Social Security Trustees Report That The Program Is In Permanent Deficit
10:22am
The Congressional Budget Office reported back in January that the Social Security program was in permanent deficit back in January. On Friday that calculation was backed up with a report issued by the Social Security Trustees who conclude that a gap between the program’s revenues and payouts will be “a permanent feature of the program’s finances going forward.”
Social Security will run a permanent yearly deficit when looking at the program’s tax revenues compared to what it must pay out in benefits, the program’s trustees said Friday in a report that found both the outlook for Social Security and Medicare, the two major federal social safety-net programs, have worsened over the last year.
Medicare’s hospital insurance trust fund is now slated to run out of money in 2024, or five years earlier than last year’s projection, while Social Security’s trust fund will be exhausted by 2036, a year earlier than the prior projection.
Social Security began running an annual deficit in 2010 when looking at tax income and benefit payments. The gap right now is made up by payments from the trust fund, which in theory has built up over the years when the program ran an annual surplus.

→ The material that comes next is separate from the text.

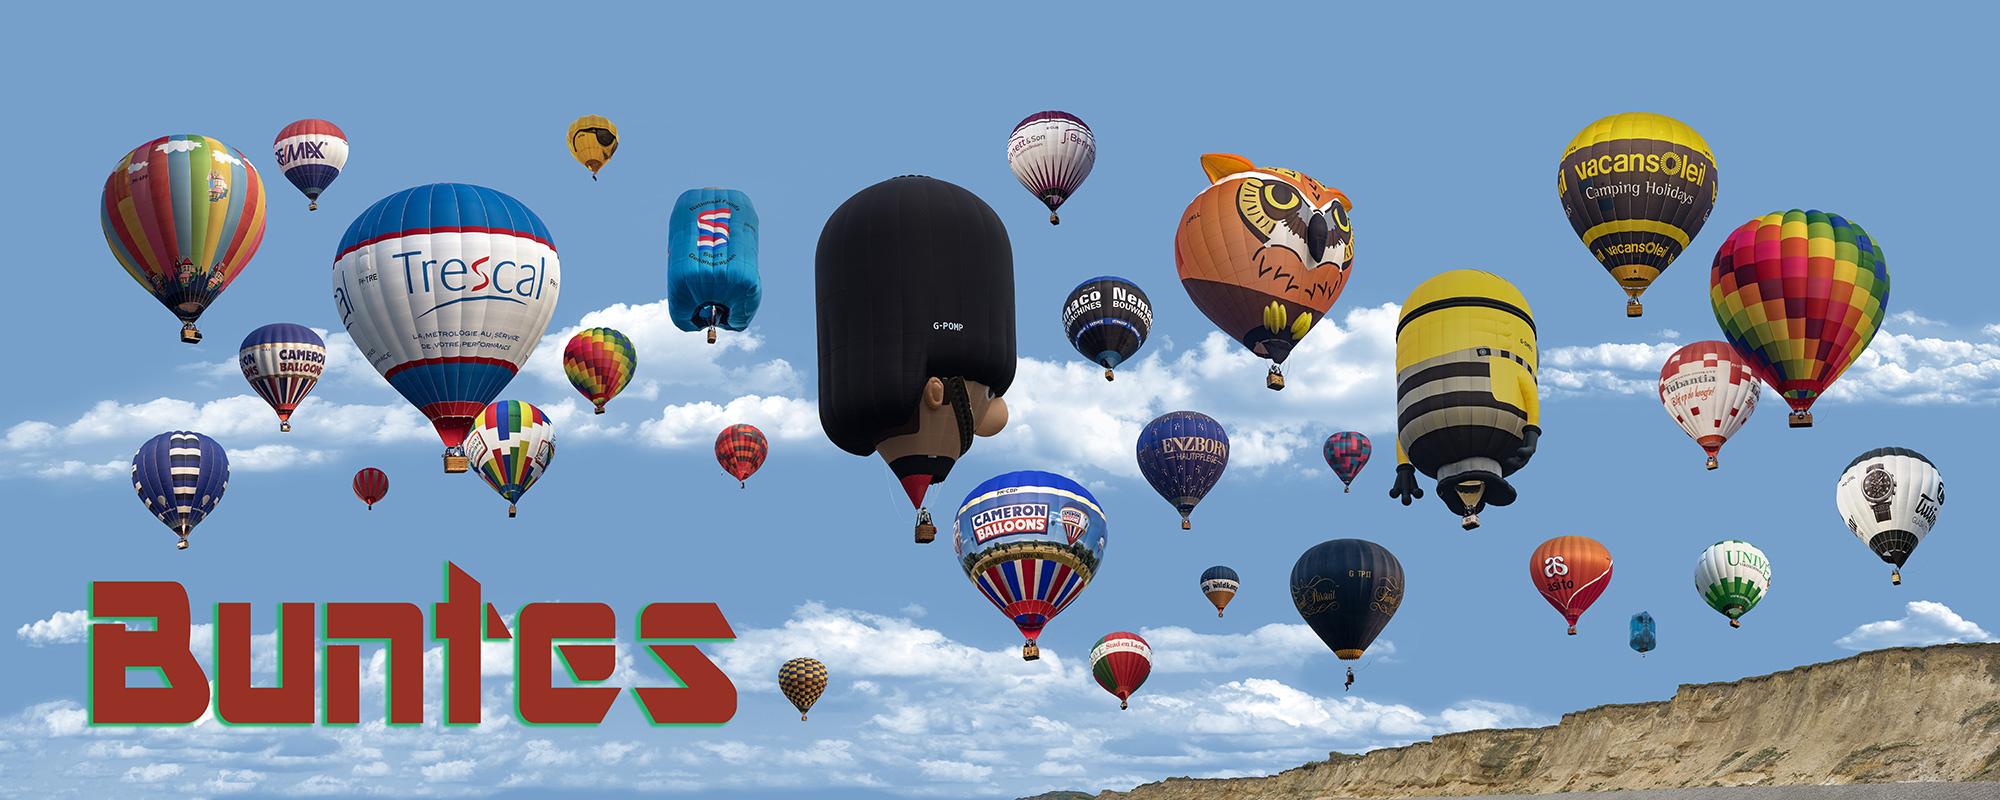 twente ballooning festival

Charles Blahous, one of the trustees, said the gap between tax revenues and benefit payments is now “a permanent feature of the program’s finances going forward.”

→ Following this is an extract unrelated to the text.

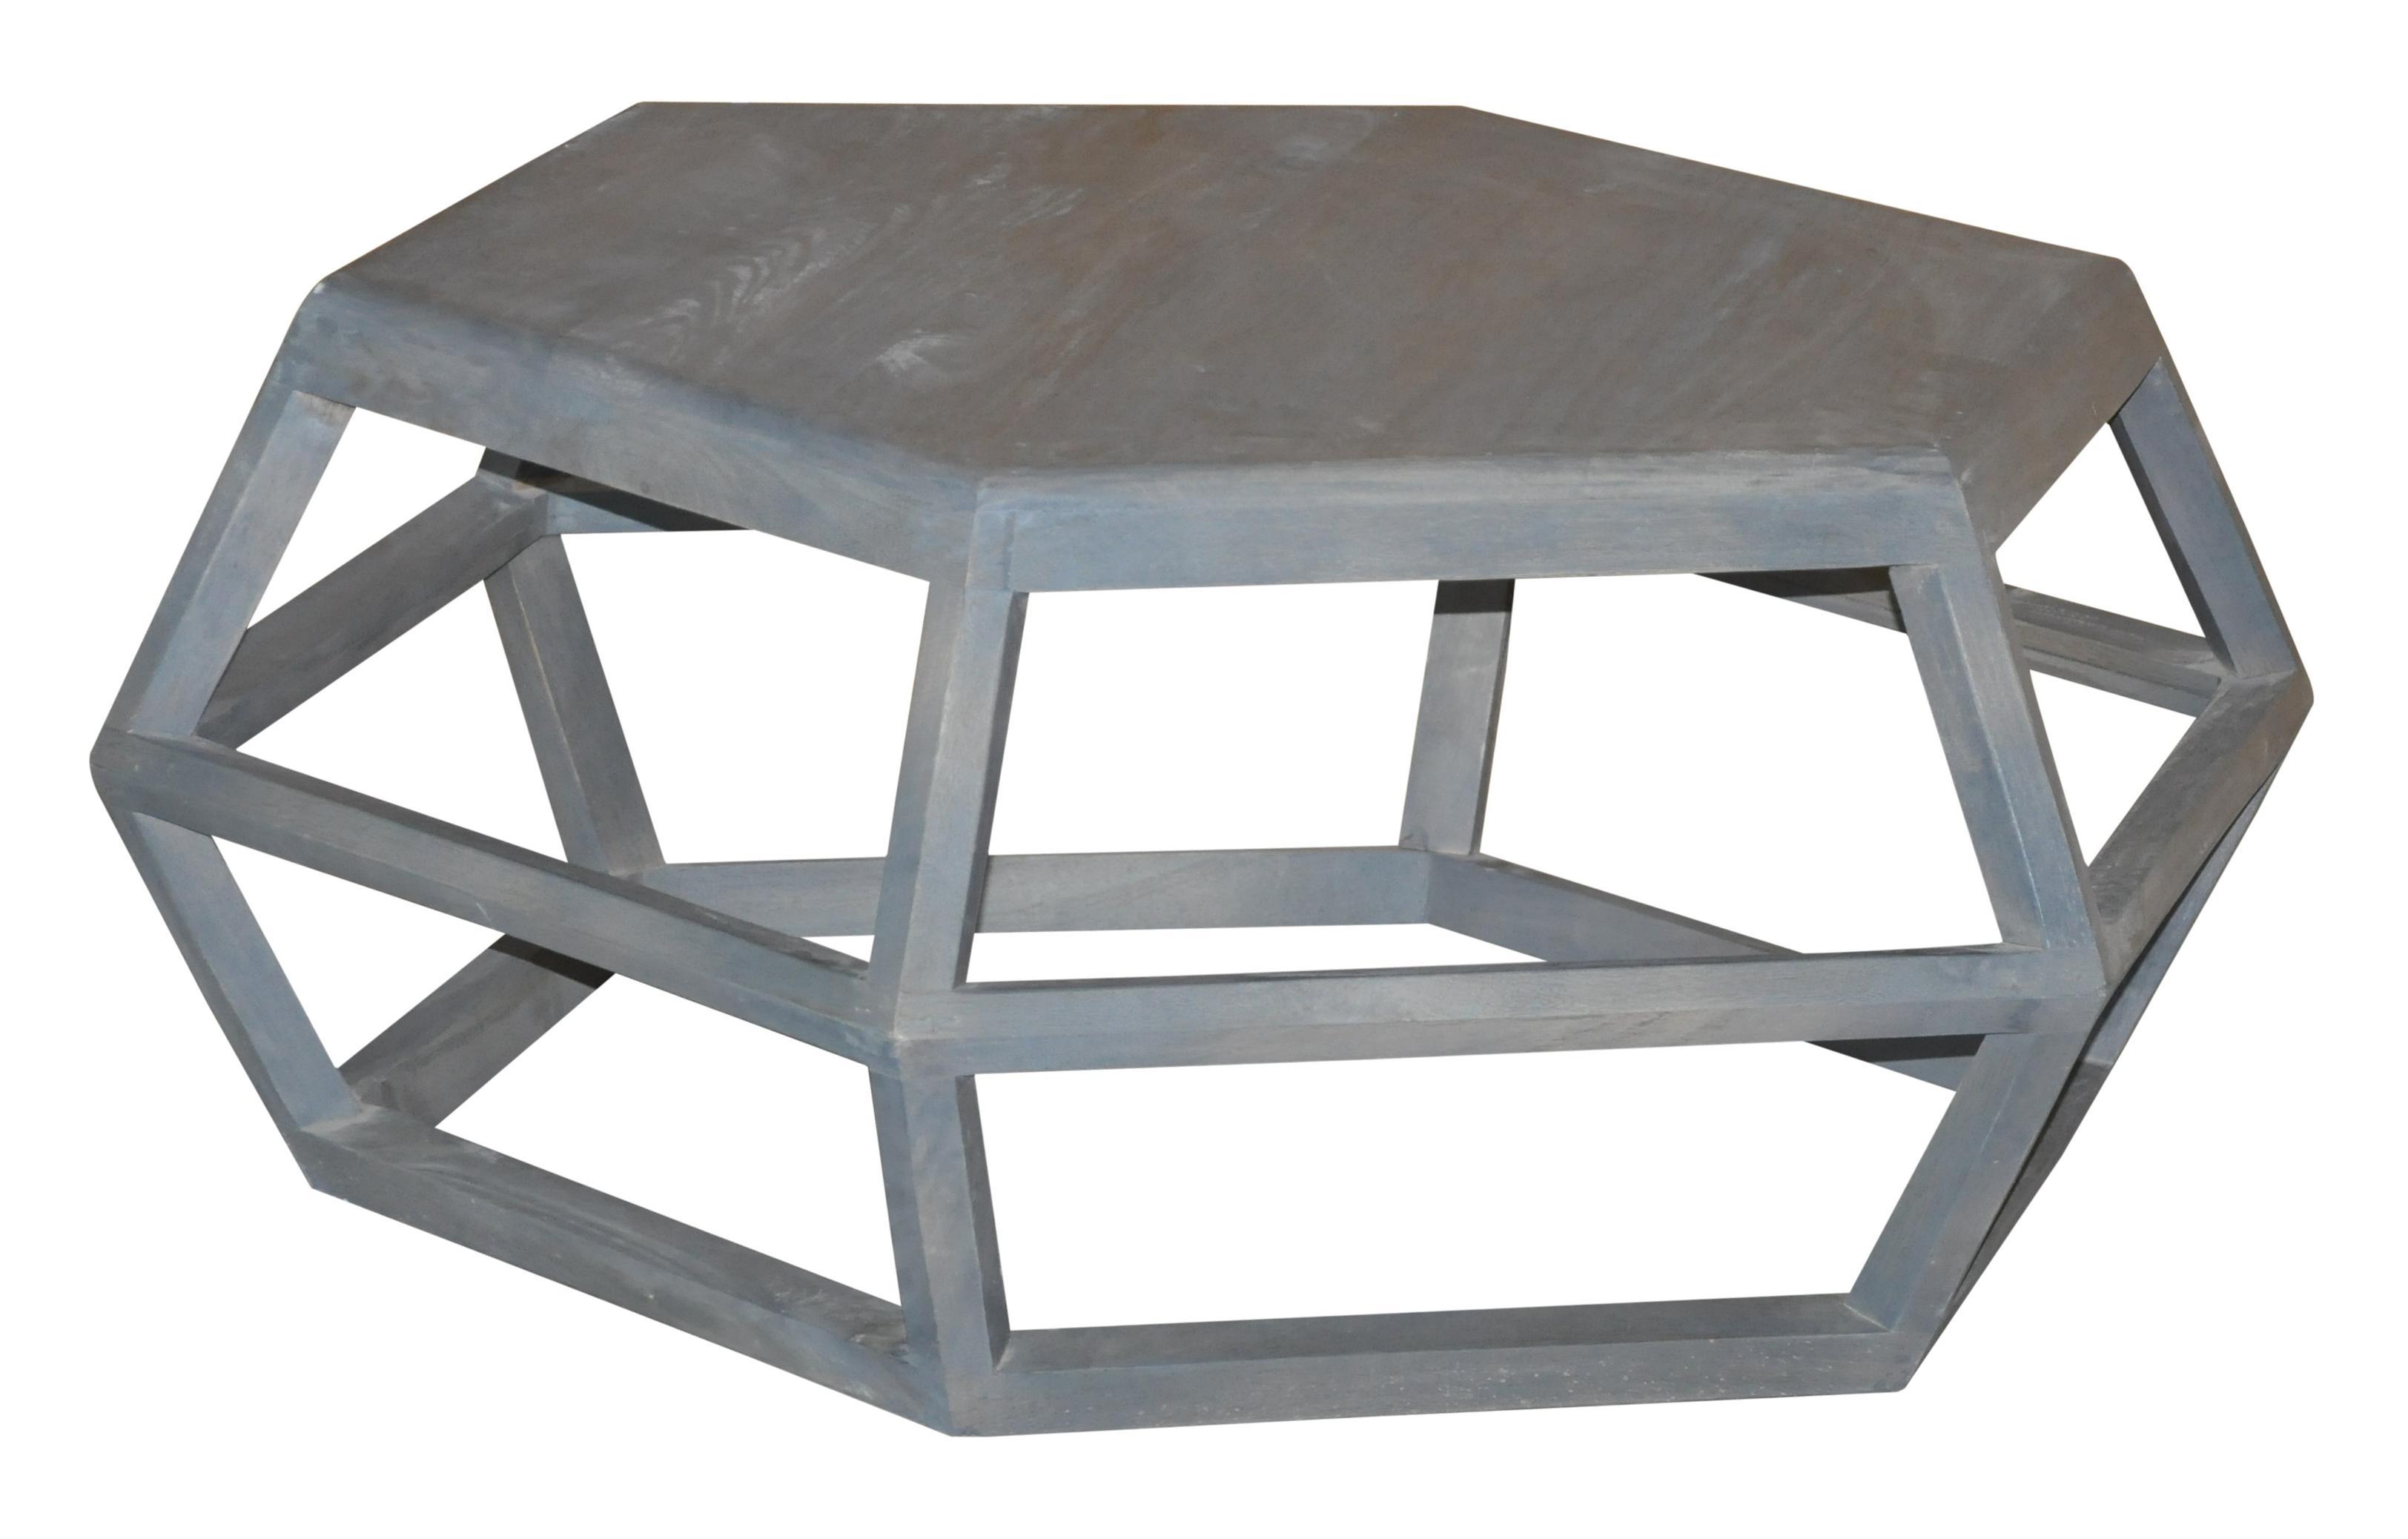 Jaipur furniture neemrana geometric coffee table with modern industrial style

Apologists for the Social Security status quo will respond by pointing to the trust fund, which theoretically can pay out benefits through 2036. The problem is, there is no trust fund. The US Treasury has borrowed from the Social Security Trust Fund to the point where that fund is now depleted.
Here’s how it worked:
To borrow, the Treasury Department issues a bond to the Social Security Trust Fund promising to pay back the borrowed money with interest at a later date.

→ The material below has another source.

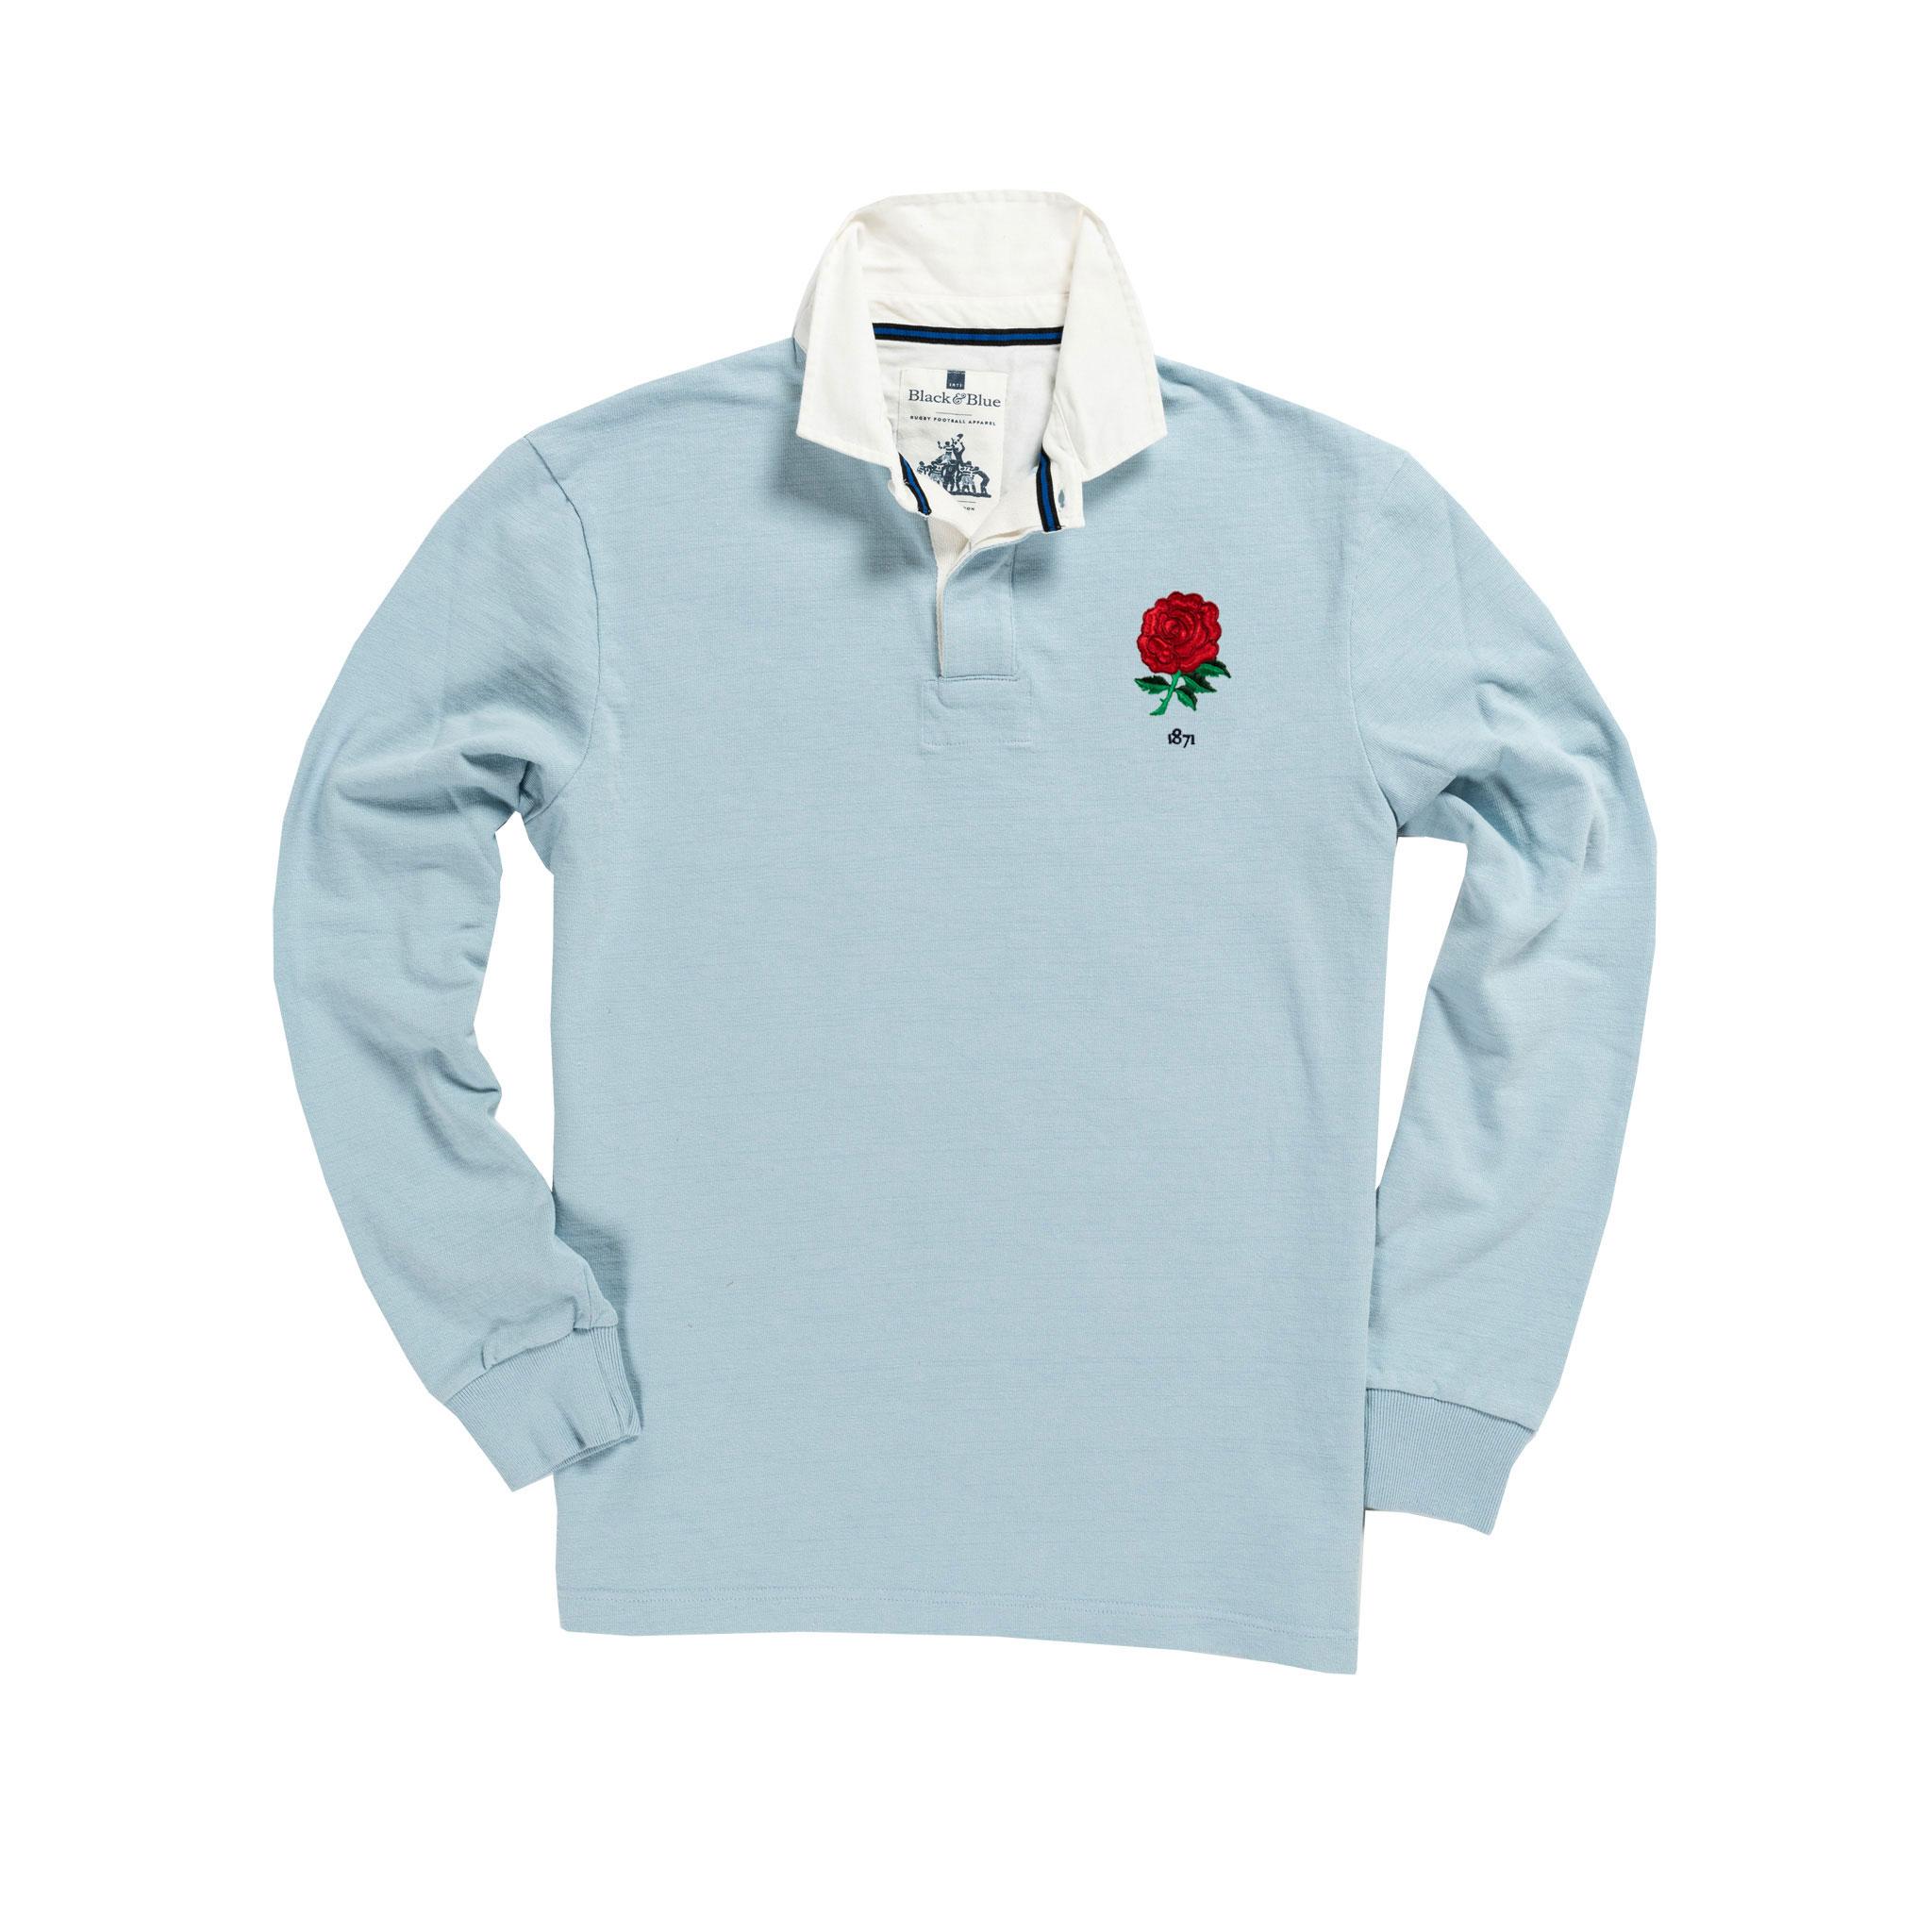 England 1871 Sky Blue Vintage Rugby Shirt

For a long time, thanks to the baby boomers, Social Security was able to collect more in revenues than it paid out in benefits. Thus there was no need to dip into the trust fund. Indeed, it meant there was more in the trust fund for the federal government to spend elsewhere.
But now those revenue surpluses are gone. In order to continue paying benefits Social Security must use its trust fund. Only the trust fund doesn’t have cash in it but rather bonds (IOU’s if you will) issued by the federal government, meaning that now there is no choice but to have the Treasury borrow funds to make good on the bonds to continue making SS benefit payments.
In practical terms, this means that every dollar of the deficit between what the SS program collects in revenues and what it must pay out in benefits adds directly to the national debt. Because the Treasury will have to pay back the bonds that are in the trust fund before the trust fund can dispense funds to pay benefits, and since the national budget is permanently in deficit the only way for the Treasury to do that is through borrowing.
If a private company ran its pension fund like this people would be in jail. But this is the US government, so it’s different.